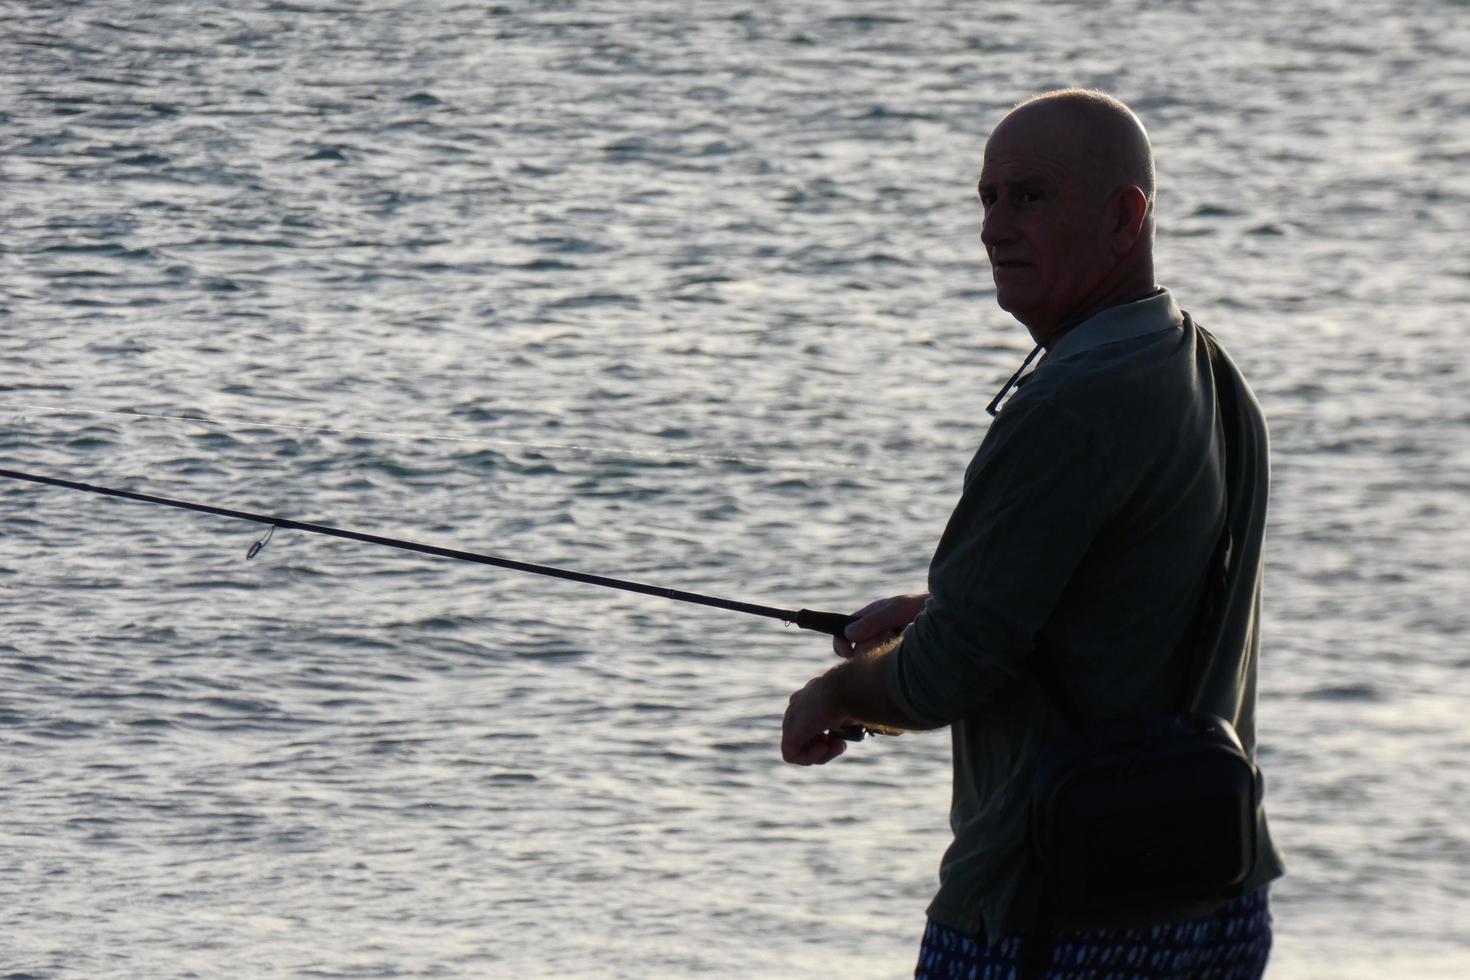 pesca en la orilla de la playa, pesca tradicional como afición 15898256  Foto de stock en Vecteezy
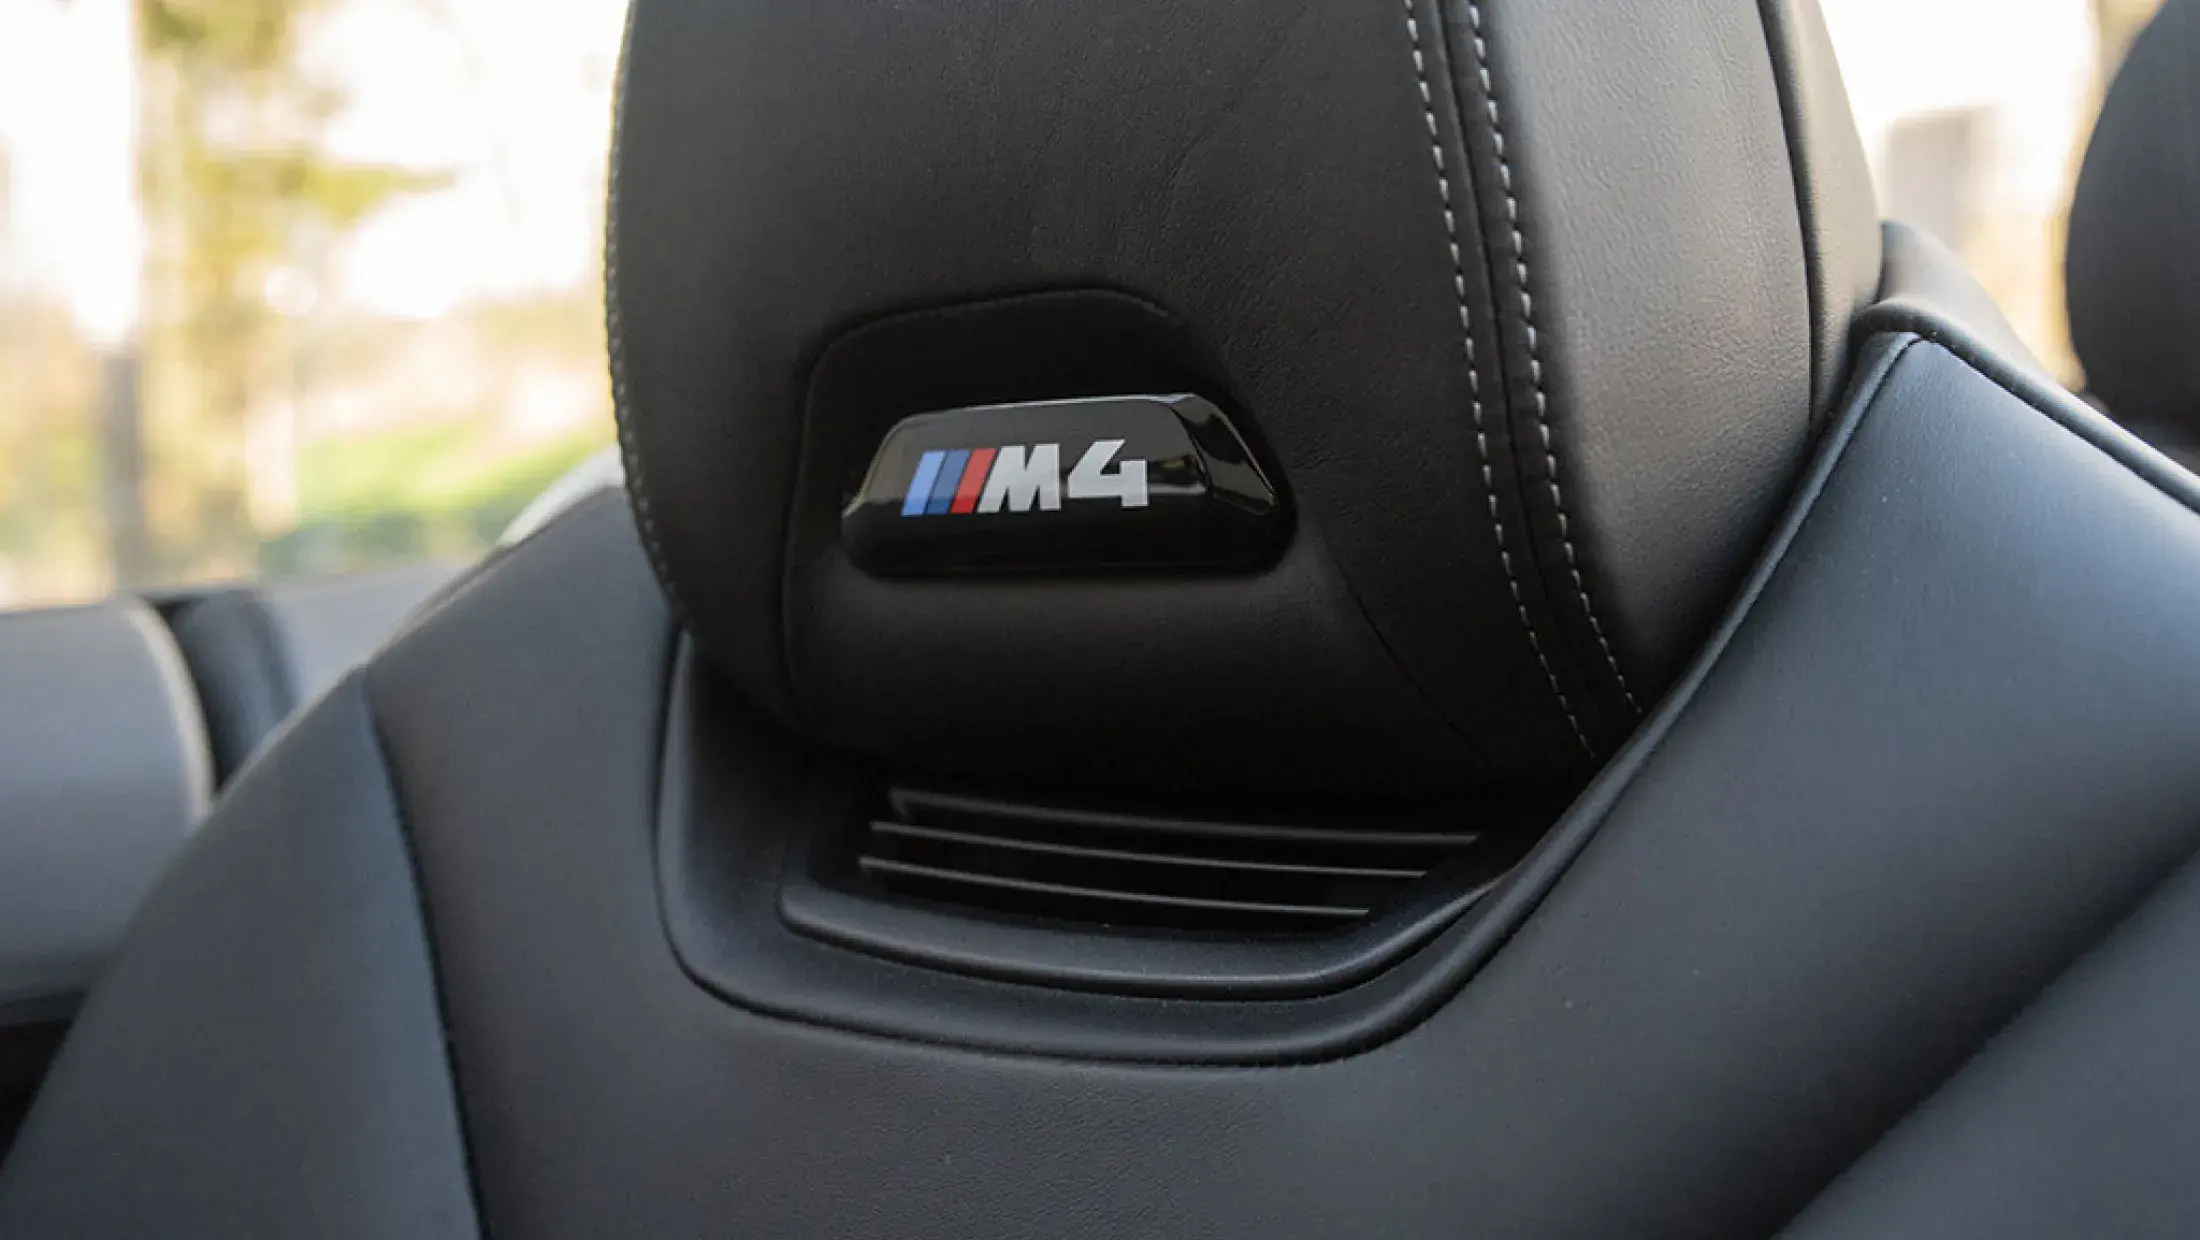 BMW M4 Competition Cabrio F83 Mineral White Metallic Volleder merino schwarz M Drivers package
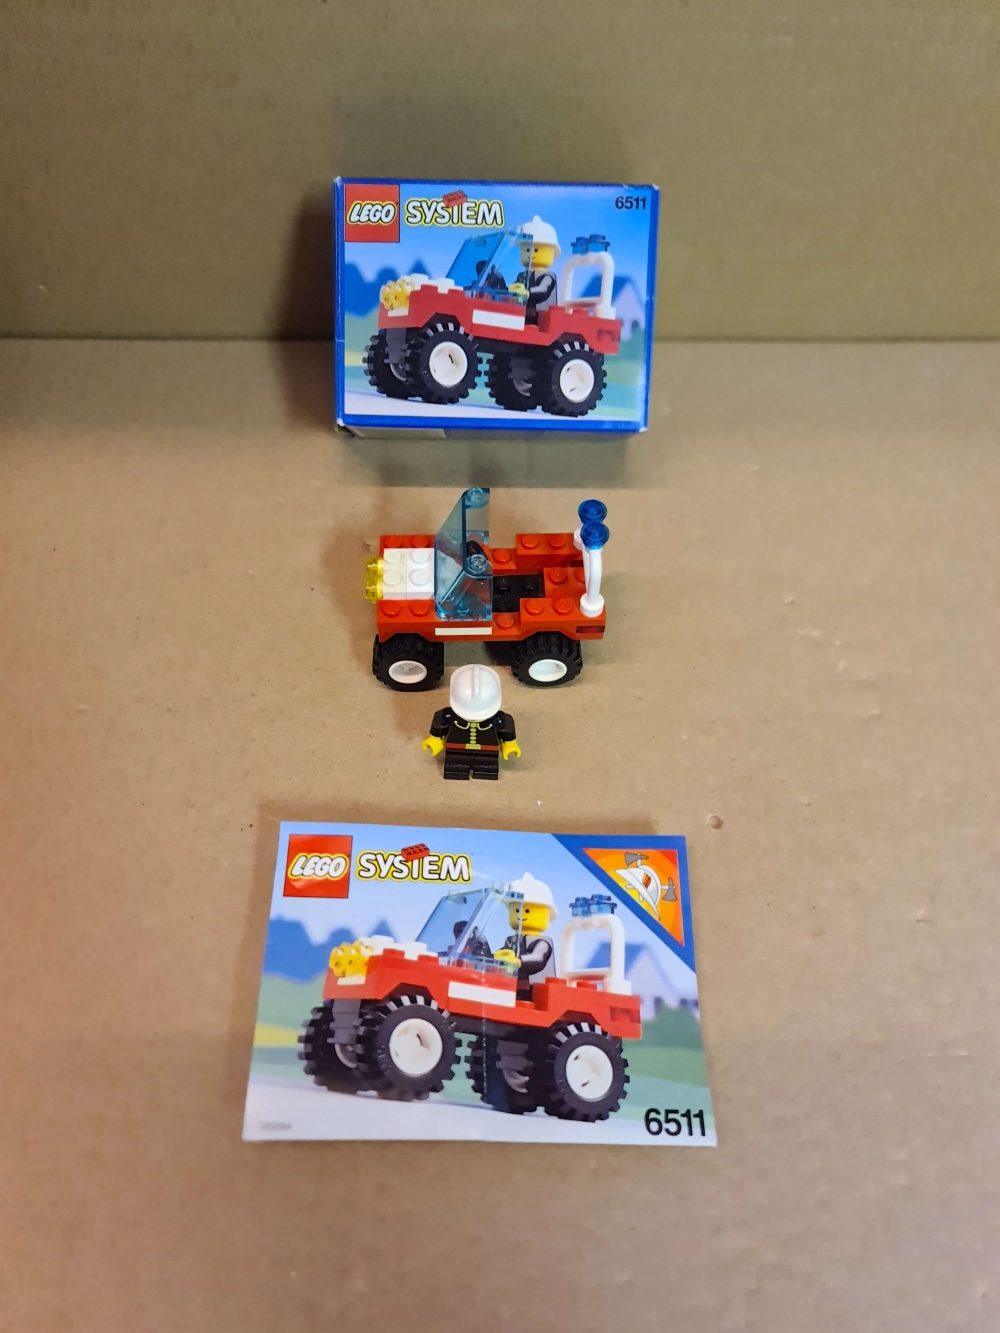 Sett 6511 fra Lego Classic Town serien.
Flott sett. Komplett med manual og eske

________________________

### Problem to solve
Skipping the pictures, transcribe each line above exactly as it appears.

### Result for this exercise
 pesca en la orilla de la playa, pesca tradicional como afición 15898256  Foto de stock en Vecteezy
 BMW M4 Competition Cabrio F83 Mineral White Metallic Volleder merino schwarz M Drivers package
 Sett 6511 fra Lego Classic Town serien.
Flott sett. Komplett med manual og eske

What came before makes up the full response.